Il dira également qu’ »un travail est en train de se faire » pour que Total engage des investissements dans l’exploitation du gaz de schiste. Il ne manquera pas, dès lors, de signaler que la relation entre l’Algérie et la France obéit à une « amitié exigeante ». Il dira qu’ »avec le président Bouteflika, « nous avons établi une relation d’extrême confiance. Ses conseils, sa vision du monde sont particulièrement précieux ».
Le leader socialiste soulignera, par ailleurs, que le président Bouteflika lui a donné une impression « de grande maîtrise intellectuelle », en réponse à une question sur l’état de santé du président algérien. Il est « rare de rencontrer un chef d’Etat qui a une telle alacrité », a-t-il ajouté.

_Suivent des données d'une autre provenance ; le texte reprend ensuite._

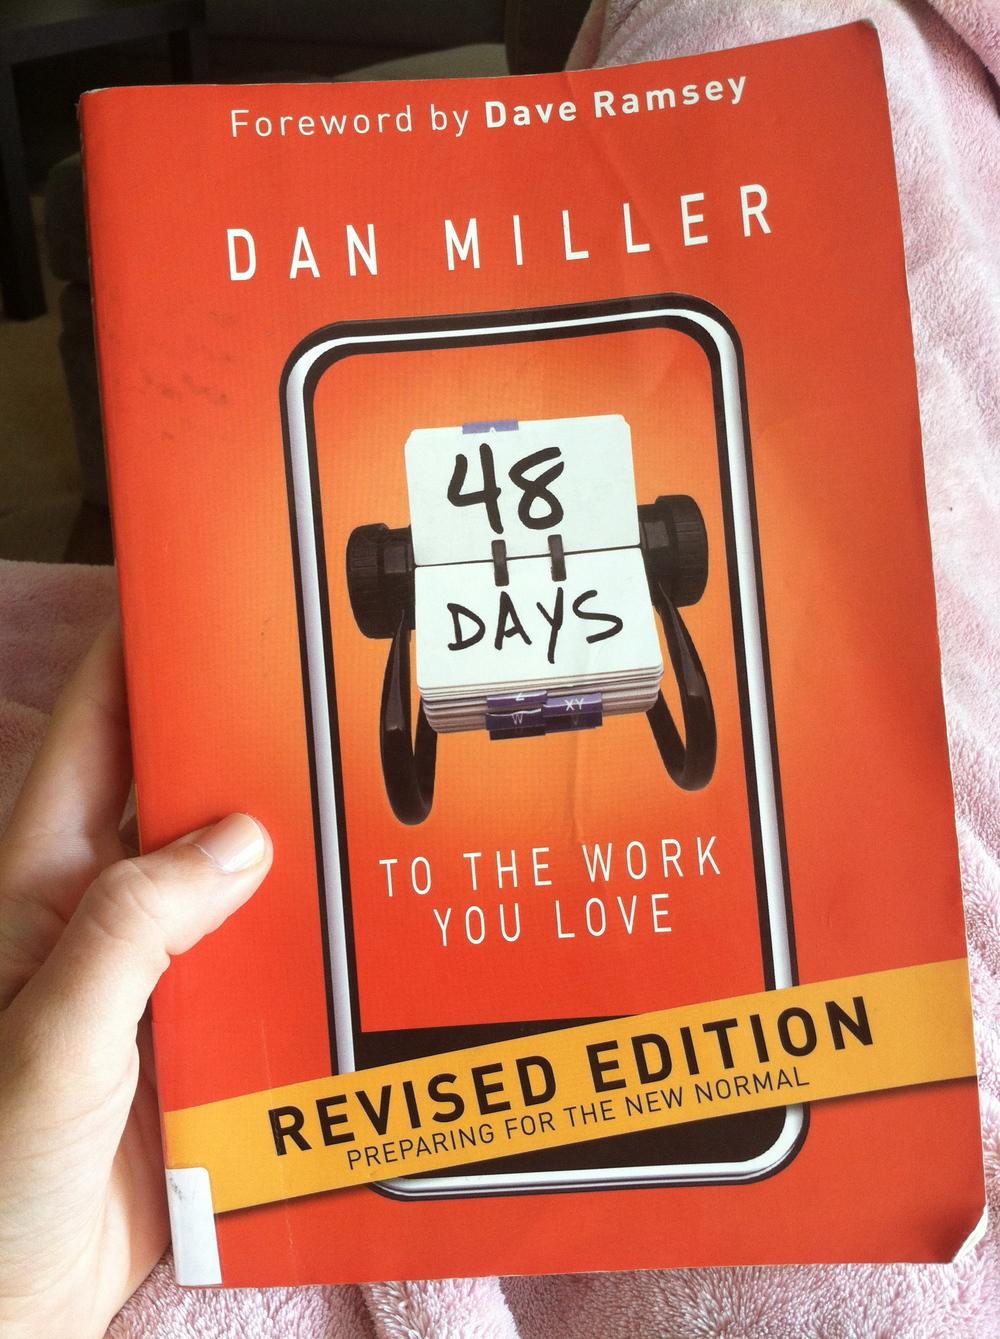 48 days book

« Vous m’interrogez sur sa santé, je ne suis pas médecin et je ne viens pas comme médecin rencontrer un chef d’État. Ce que je peux vous dire, c’est que la qualité de la discussion que nous avions eu pendant près de deux heures était particulièrement intense et élevée », a expliqué le président français.

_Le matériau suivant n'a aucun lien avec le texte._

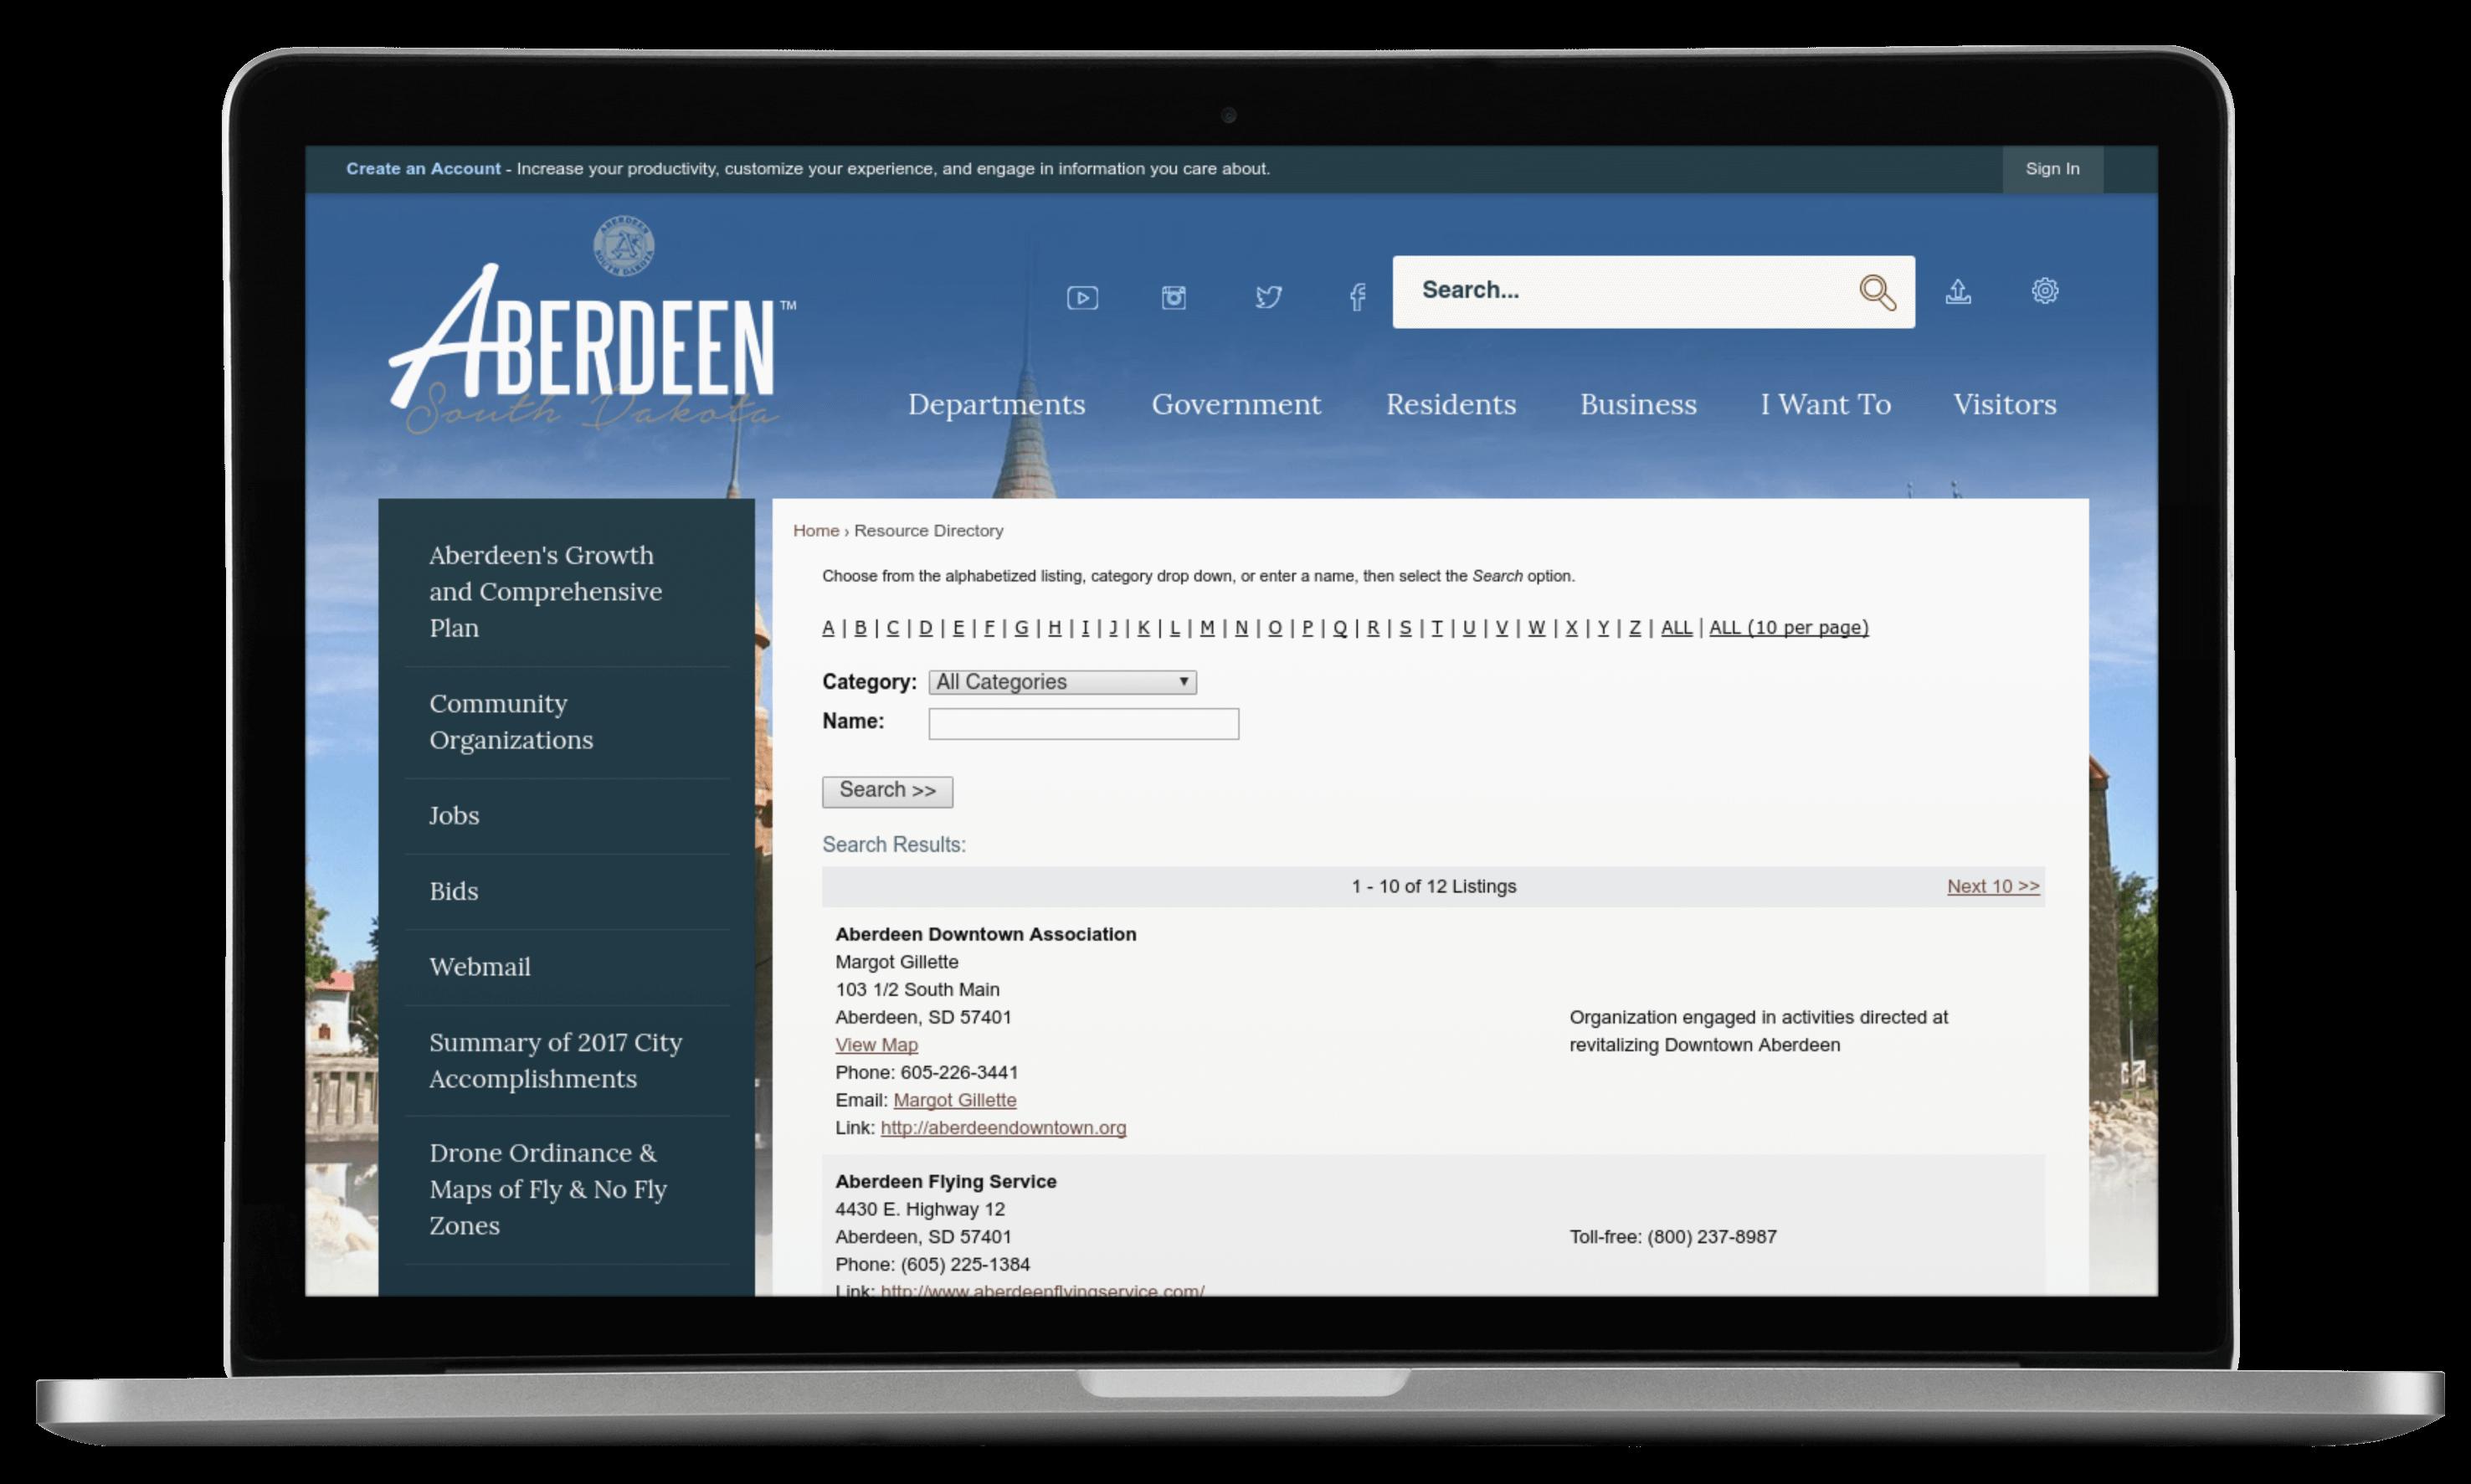 Website_Redesigns_can_foster_local_Business_Aberdeen

Il ajoutera : « Bouteflika, je vous confirme qu’il ne peut pas se déplacer mais je le savais déjà », faisant remarquer que son hôte avait « une capacité rare de jugement ».
Pour Hollande, le chef d’Etat algérien a « toutes les capacités et l’a montré » pour analyser les grands dossiers de l’heure. « Je ne parle pas de ce qu’il peut faire pour l’Algérie, mais pour apporter sa sagesse et son jugement pour régler les crises dans le monde », a-t-il encore dit.
Le chef d’Etat français effectuait une « visite d’amitié » à Alger, la seconde depuis son accession à l’Elysée en 2012. A en croire le président, cette deuxième visite permettrait également de fluidifier les relations franco-algériennes. « On simplifie les choses. Chaque visite de chef d’Etat, de chef de gouvernement, de chef de parlement, permet de faire en sorte que ce soit plus simple », a-t-il précisé.
La courte visite algéroise de François Hollande était essentiellement consacrée aux partenariats économiques et au développement des relations d’affaires entre les deux pays.